Playground is auto-sending login cookies here:

async #dispatchToPHP(
php: PHP,
request: PHPRequest,
scriptPath: string
): Promise<PHPResponse> {
let preferredMethod: PHPRunOptions['method'] = 'GET';
const headers: Record<string, string> = {
host: this.#HOST,
...normalizeHeaders(request.headers || {}),
cookie: this.#cookieStore.getCookieRequestHeader(),
};

When Playground auto-adds cookies to these requests that contain Authorization headers, it causes WordPress to skip evaluation of the application password. Instead, cookie-based auth initially succeeds in an earlier filter here:

add_filter( 'determine_current_user', 'wp_validate_auth_cookie' );
add_filter( 'determine_current_user', 'wp_validate_logged_in_cookie', 20 );
add_filter( 'determine_current_user', 'wp_validate_application_password', 20 );

Then when rest_cookie_check_errors() looks for the nonce required by the REST API for cookie-based auth, it finds there is no nonce and clears the current user here:

if ( null === $nonce ) {
	// No nonce at all, so act as if it's an unauthenticated request.
	wp_set_current_user( 0 );
	return true;
}

This is an interesting one.
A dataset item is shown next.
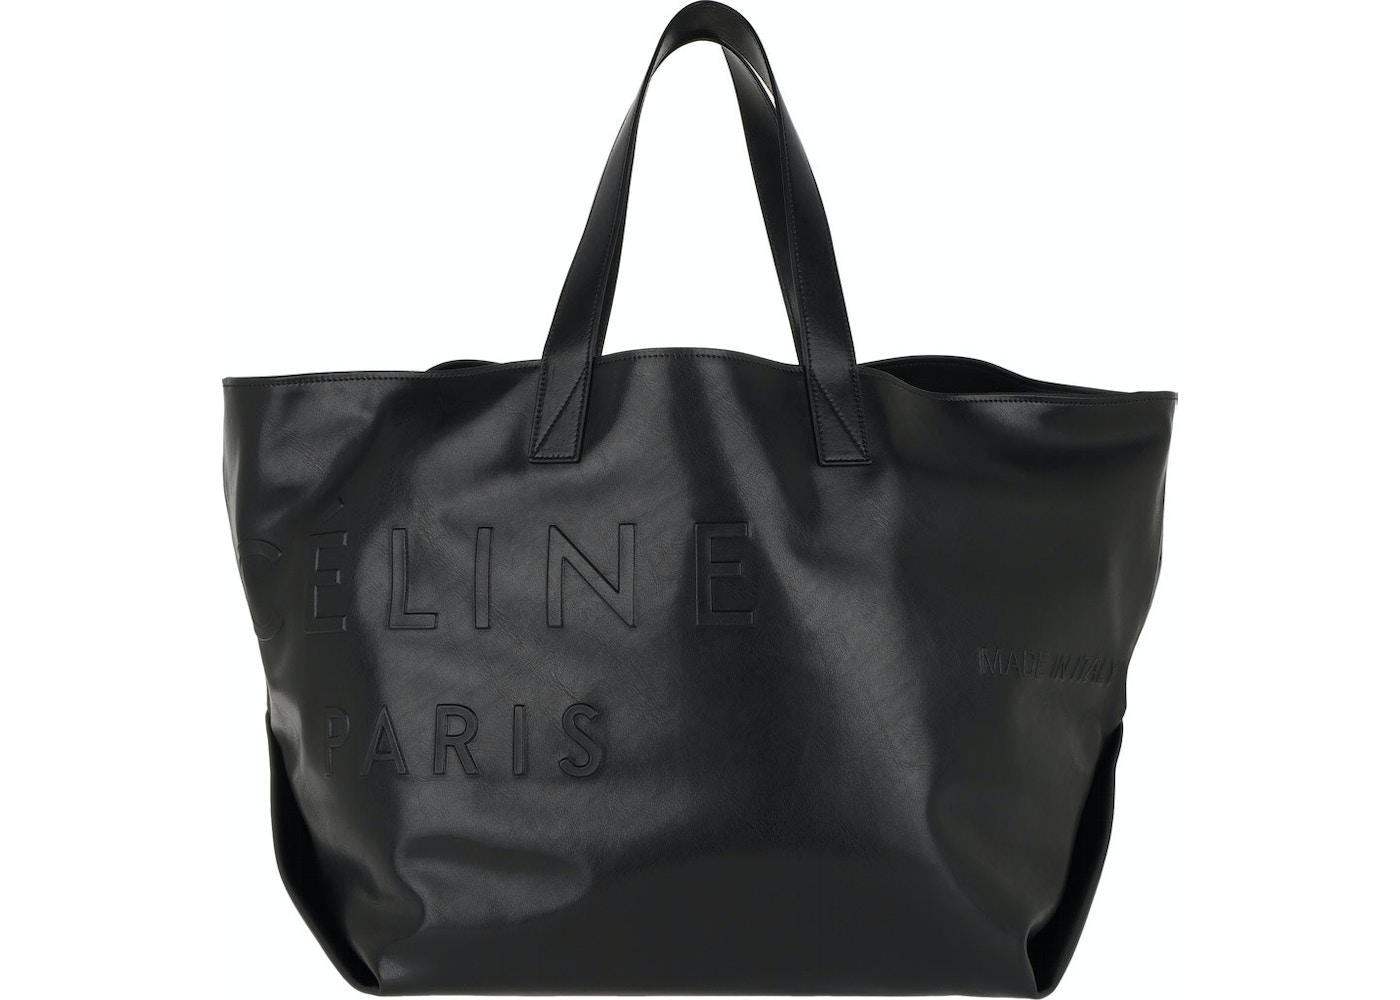 Buy   Sell Celine Handbags - Last Sale ca5aacee6fe4e

Maybe it would make sense for the PHPRequestHandler to omit cookies if a request appears to contain another auth-related header. But cookies aren't just for auth. So it seems presumptuous to remove cookies when we don't know the user's intent. We could filter out specific WP cookies, but it still might be solving a problem caused by a bit of magic using a bit more magic.

Read and understand our cookie store code better would probably help generate other ideas.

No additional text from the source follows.